For the better part of five years, Washington treated ByteDance like a one-product company. Ban TikTok, problem solved. That was the logic, and it was always a little naive.
ByteDance isn’t a social media company that happens to own TikTok. It’s one of the most aggressive AI development operations on the planet, and TikTok was only ever the most visible thing it built.
The ban saga finally ended, sort of, on January 22, 2026, when TikTok’s US operations were folded into a new joint venture led by Oracle, Silver Lake and Abu Dhabi’s MGX. ByteDance retained 19.9%, just under the 20% cap the law allows.
Trump called it a win. Critics called it a loophole dressed up in paperwork. Whatever it was, it gave ByteDance something valuable: breathing room. And it’s been using that breathing room to move fast.
The AI Push Nobody Was Watching
While Congress was debating TikTok’s algorithm, ByteDance was quietly hiring nearly 100 AI researchers in the US, engineers and scientists recruited specifically to compete with OpenAI, Google DeepMind, and Anthropic. Not to support TikTok. Not to edit videos. To build foundation models. The kind that power entire product ecosystems.
Then came Seedance 2.0. In February, ByteDance released its AI video generation model, think OpenAI’s Sora, but with sharper motion, more realistic output, and almost no guardrails.
You type two lines of text and it generates cinematic-quality footage. Within days of launch, users were generating Tom Cruise fighting Brad Pitt, Spider-Man swinging through Manhattan, and Baby Yoda doing things Disney definitely didn’t authorize.
Disney sent a cease-and-desist. So did Paramount. The Motion Picture Association called it copyright infringement on a “massive scale.” ByteDance hasn’t pulled the tool.
Seedream 5.0, its image generation model, landed inside CapCut in February, supporting 2K and 4K image generation, with precision prompt understanding that rivals Midjourney and Adobe Firefly.
And CapCut, for context, has been downloaded over a billion times on Android alone.
It’s the top video app on the US iOS App Store. More downloads than Instagram. More than YouTube. ByteDance just plugged a powerful AI image generator into an app sitting on more than a billion phones.
The Money Behind It
This isn’t a side project. ByteDance is spending $23 billion on AI infrastructure in 2026, up from $21 billion last year. More than half of that goes directly to semiconductors for training and running AI models.
The company has been working around US chip export restrictions by storing Nvidia hardware in data centers outside China, primarily in Southeast Asia.
In March, it partnered with Aolani Cloud to deploy 36,000 Nvidia Blackwell B200 chips in Malaysia, one of the largest single AI compute deployments in the region.
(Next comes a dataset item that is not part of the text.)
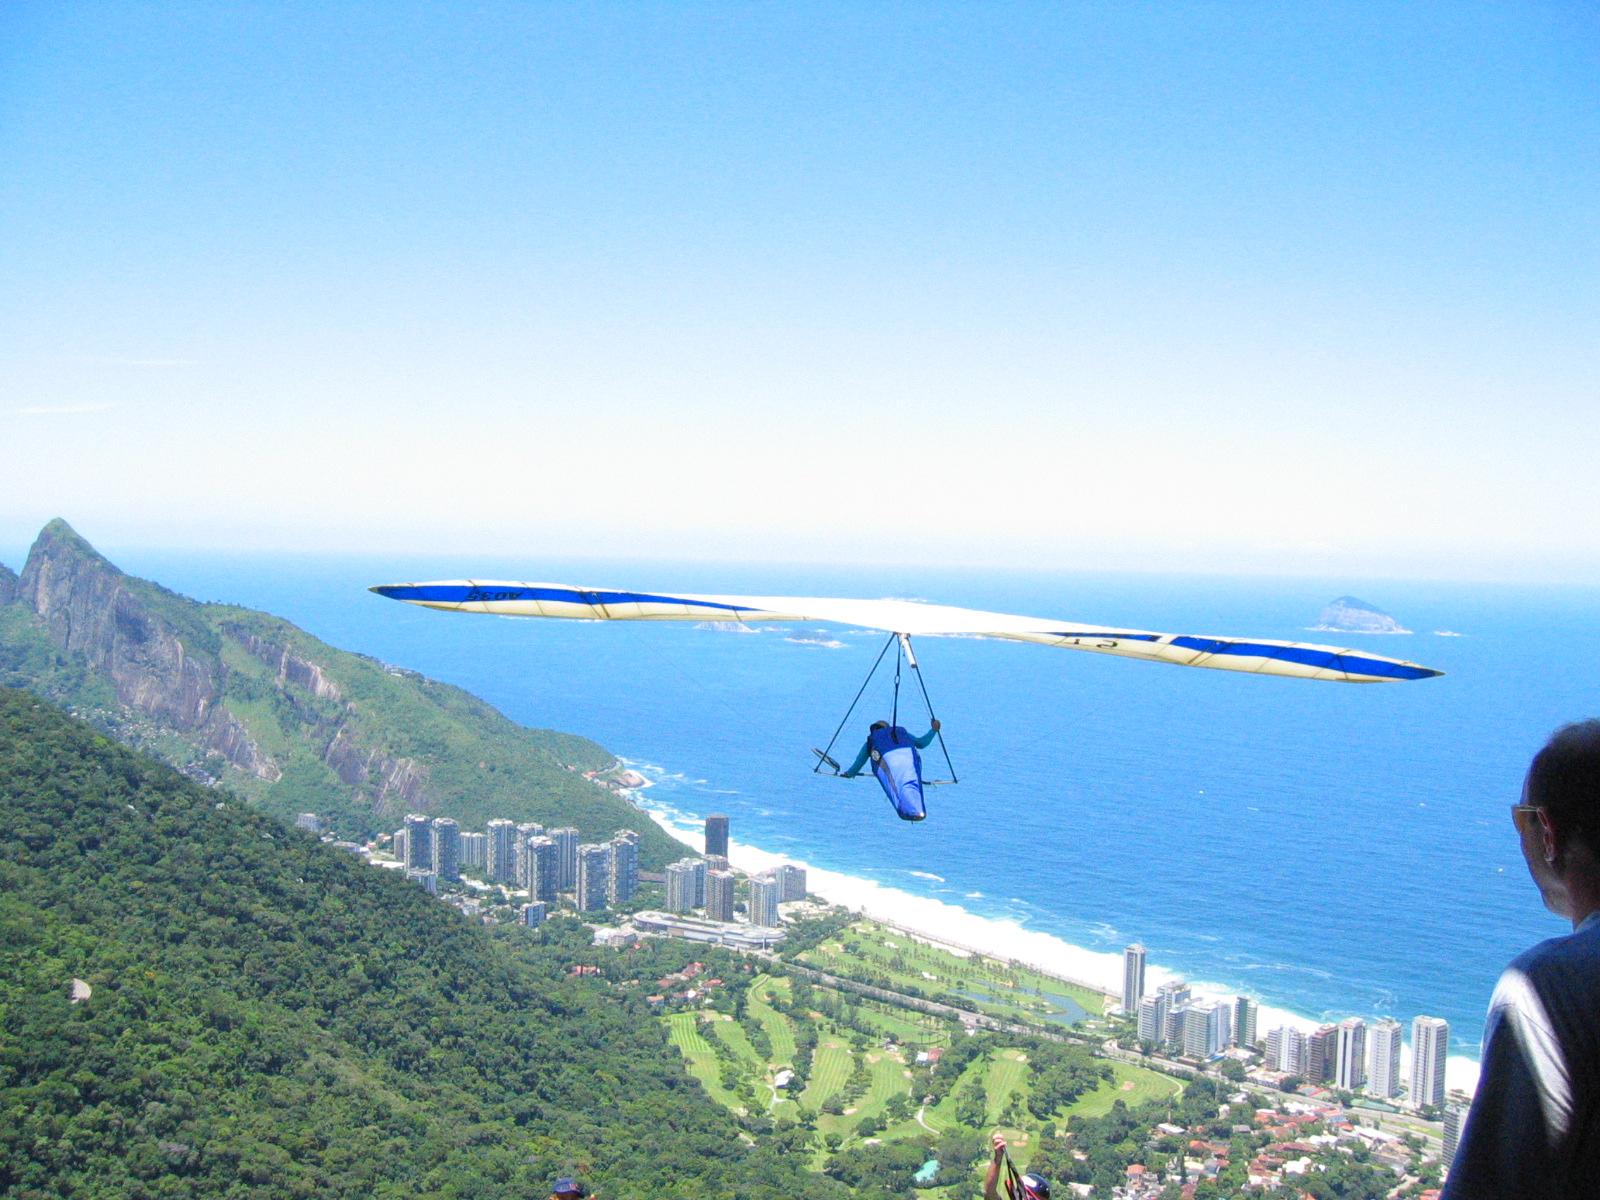 http://upload.wikimedia.org/wikipedia/commons/8/85/Hang_gliding_Brasil.jpg

For comparison, OpenAI’s entire compute budget last year was estimated at around $4 billion. ByteDance is spending nearly six times that, and it already has a billion-plus user distribution network to push products into.
That’s not a startup trying to catch up. That’s a company that’s been building quietly while everyone was looking somewhere else.
The Actual Problem With the TikTok “Fix”
Here’s what the deal didn’t solve. ByteDance still owns the TikTok algorithm, the US joint venture licenses it, doesn’t own it.
ByteDance still controls the global version of TikTok. Its other apps, CapCut, Lemon8, Gauth, Doubao, are in a legal grey zone.
The law that targeted TikTok named ByteDance broadly, which technically means all its apps are subject to the same divestment requirements.
Lawsuits are already arguing that the deal doesn’t actually comply with what Congress passed, that ByteDance still controls critical operations, and that the whole arrangement amounts to Trump rewarding allies who invested in the new venture.
Timothy Edgar, a Harvard Law cybersecurity expert who helped design the original national security framework for TikTok under Obama, put it bluntly: “In my view, the deal has made the problem even worse.”
The privacy protections that existed before the sale, negotiated over years with CFIUS, no longer formally apply.
Oversight now depends on audits and enforcement, not hard structural requirements. And enforcement, under this administration, is an open question.
What’s Actually Coming
ByteDance’s Doubao chatbot, its answer to ChatGPT, already has over 100 million monthly users in China. The international version, Dola, is live.
A standalone AI assistant app competing directly with ChatGPT and Gemini in Western markets isn’t a rumor, it’s already in motion. The company has released 22 AI products in the last six months. Not features. Products.
Washington spent five years treating the TikTok problem like a social media problem. It was always an AI problem.
The difference is that social media you can see, you can count the users, track the videos, measure the influence. AI infrastructure is different.
You can’t see the chips in a Malaysian data center. You can’t watch a foundation model being trained.
And by the time the output shows up in an app that a billion people are already using, the question of whether to let it in has already been answered.